Nadie podrá negar que 'Rifkin's Festival', el nuevo largometraje de Woody Allen, es perfecto para abrir del Festival de San Sebastián este año. Después de todo, su peripecia argumental transcurre en una edición ficticia del certamen, y por su metraje aparecen desde todos los ángulos posibles la playa de la Concha y el hotel María Cristina y otros escenarios icónicos de la ciudad, que el director de fotografía Vittorio Storaro convierte en el tipo de paisajes saturados de color que tan bien quedan como salvapantallas.

De hecho, es una película inaugural tan idónea que resulta tentador sospechar que fue diseñada expresamente para disfrutar de ese privilegio a pesar de la explicación que el propio cineasta ofrece al respecto. "Los productores españoles que la han financiado querían que la rodara en España, y yo ya había hecho una película a caballo entre Barcelona y Oviedo", ha recordado hoy Allen en referencia a 'Vicky Cristina Barcelona' (2007) durante su aparición ante la prensa a través de videoconferencia. "Entonces me acordé de San Sebastián, ciudad a la que había viajado años atrás para recoger un premio honorífico y que me había maravillado por su belleza.

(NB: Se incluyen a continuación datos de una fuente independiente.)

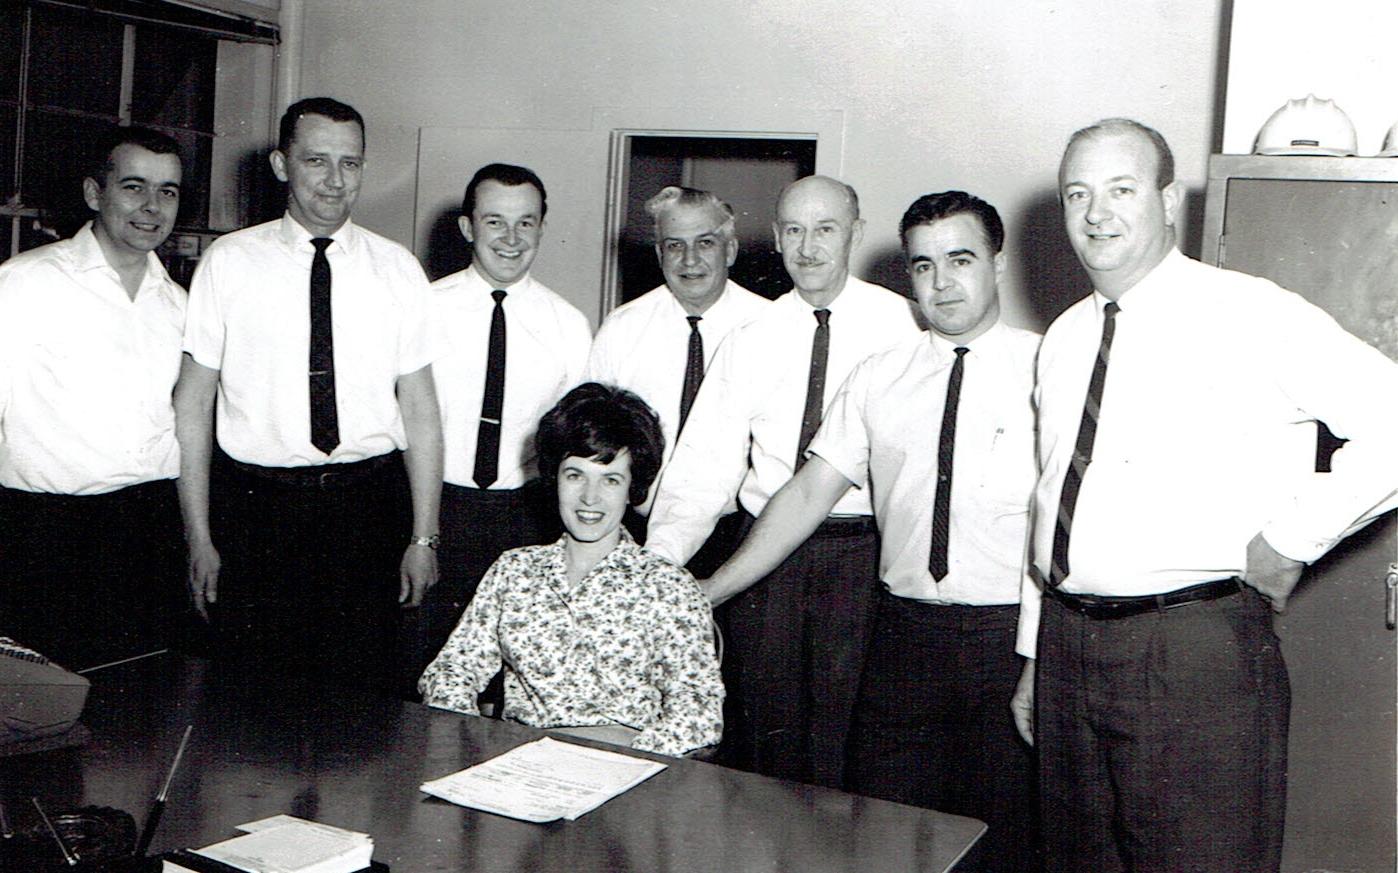 1968 Accounting staff: Ron Henry, Ray Smith, Gary Kelly, Chrlie Bingham, Alex FrASER, tOM bROOKS, tOM hANLEY, UNKNOWN

Así que decidí contar una historia alrededor del festival". Sea como sea, 'Rifkin's Festival' sería un vídeo promocional perfecto para el departamento de turismo de Euskadi. Que tenga alguna otra utilidad, eso sí, resulta más cuestionable.

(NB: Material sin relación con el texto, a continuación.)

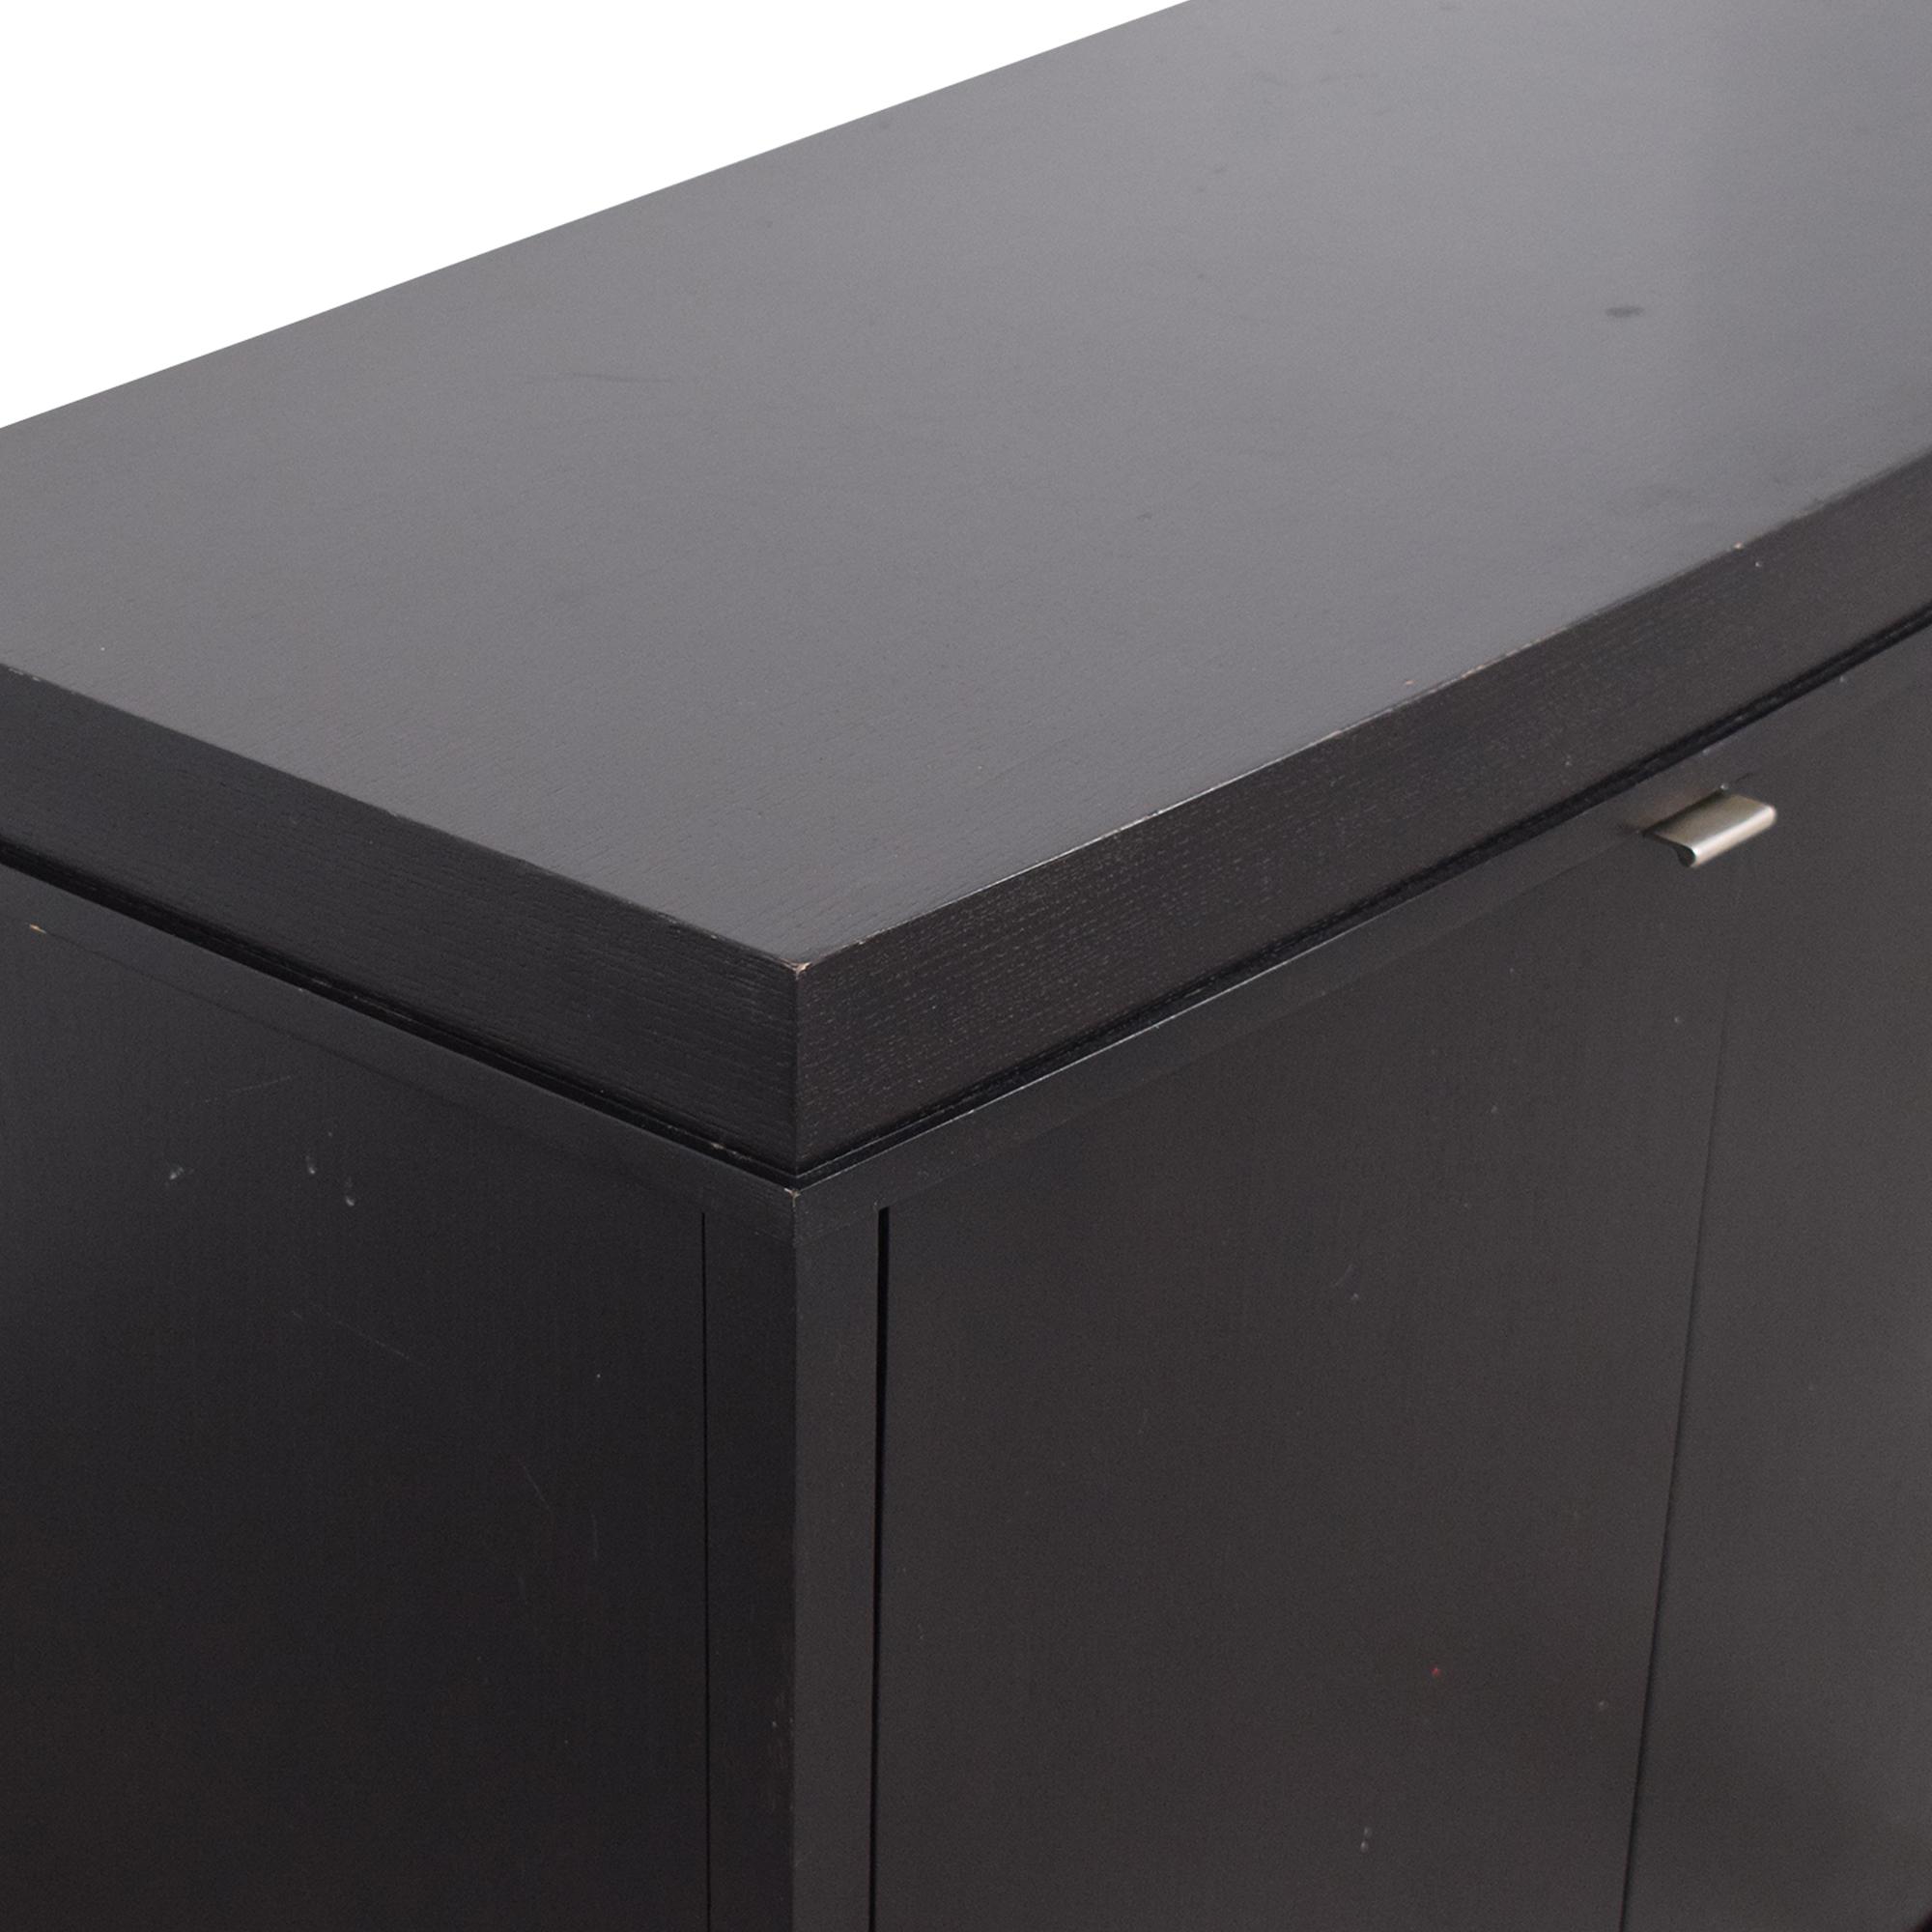 buy Crate & Barrel Sideboard Crate & Barrel Storage

En una escena de 'Woody Allen: El Documental' (2011), el neoyorquino mostraba el montón de papeles arrugados que al parecer va acumulando en el cajón de su mesita de noche, y que contienen escritas cientos de ideas para futuros proyectos. La nueva película confirma que a estas alturas el cajón lleva tiempo vacío. El problema no es que 'Rifkin's Festival' sitúe al mismo tipo de protagonista neurótico y pedante en el centro del mismo tipo de enredo romántico que casi todo el resto de su cine -al fin y al cabo, puede decirse lo mismo de 'Annie Hall', que es una obra maestra-, sino que no parece saber muy bien qué hacer con ese conato de premisa más que usarlo como vehículo a bordo del que repetir varias veces el mismo puñado de chistes, no especialmente buenos. A través de ellos, es cierto, el director lleva a cabo una crítica del mundillo cinematográfico -poblado por artistas ególatras, publicistas superficiales y periodistas babosos- que en todo caso resulta demasiado obvia y simplona como para ser considerada una verdadera idea.

Actores hablando a gritos

La presencia del veterano actor Wallace Shawn en el centro de la trama no ayuda. No es casual que casi todas las mejores películas de Allen estén protagonizadas por él mismo; ninguno de los actores que han intentado ser su 'alter ego' en pantalla ha salido airoso del desafío. En todo caso, Shawn quizá sea el más chirriante de todos ellos, en buena medida por su decisión de sobreactuar como si le fuera la vida en ello. La interpretación más histriónica de 'Rifkin's Festival', sin embargo, no la ofrece él; de ello se encarga Sergi Lòpez, que se pasa su única escena en la película chillando a tal volumen -como ya dejó claro en 'Vicky Cristina Barcelona', Allen piensa que los españoles siempre hablamos entre nosotros a gritos- y meneándose de forma tan descontrolada que resulta fácil imaginarlo viéndose a sí mismo en pantalla, y pidiendo a la tierra que se lo trague.

En última instancia, lo más relevante que puede decirse de 'Rifkin's Festival' es que existe, y que su director se las ha arreglado para seguir haciendo cine cuando parecía que las acusaciones de abuso sexual que llevan años persiguiéndolo habrían acabado finalmente con su carrera. Habrá quien se pregunte qué necesidad tendrá Allen de seguir rodando tanto tiempo después de que la inspiración lo abandonara, pero la respuesta parece clara: el tipo ama el cine, y en esta película ese amor se demuestra a través de una sucesión de escenas en las que se parodian títulos como 'Ciudadano Kane', 'Persona', 'El séptimo sello', 'El ángel exterminador', 'Al final de la escapada' y '8 1/2'. Los autores de esos clásicos -Welles, Buñuel, Fellini, Godard, Bergman- son los héroes de Woody Allen, y a lo largo de su carrera él siempre ha lamentado no haber sido capaz de rodar nada que lo pusiera, siquiera por un instante, a su mismo nivel. Resulta irónico que la película con la que intenta parecerse a esos maestros de forma más explícita sea precisamente una de las que más lo aleja de ellos.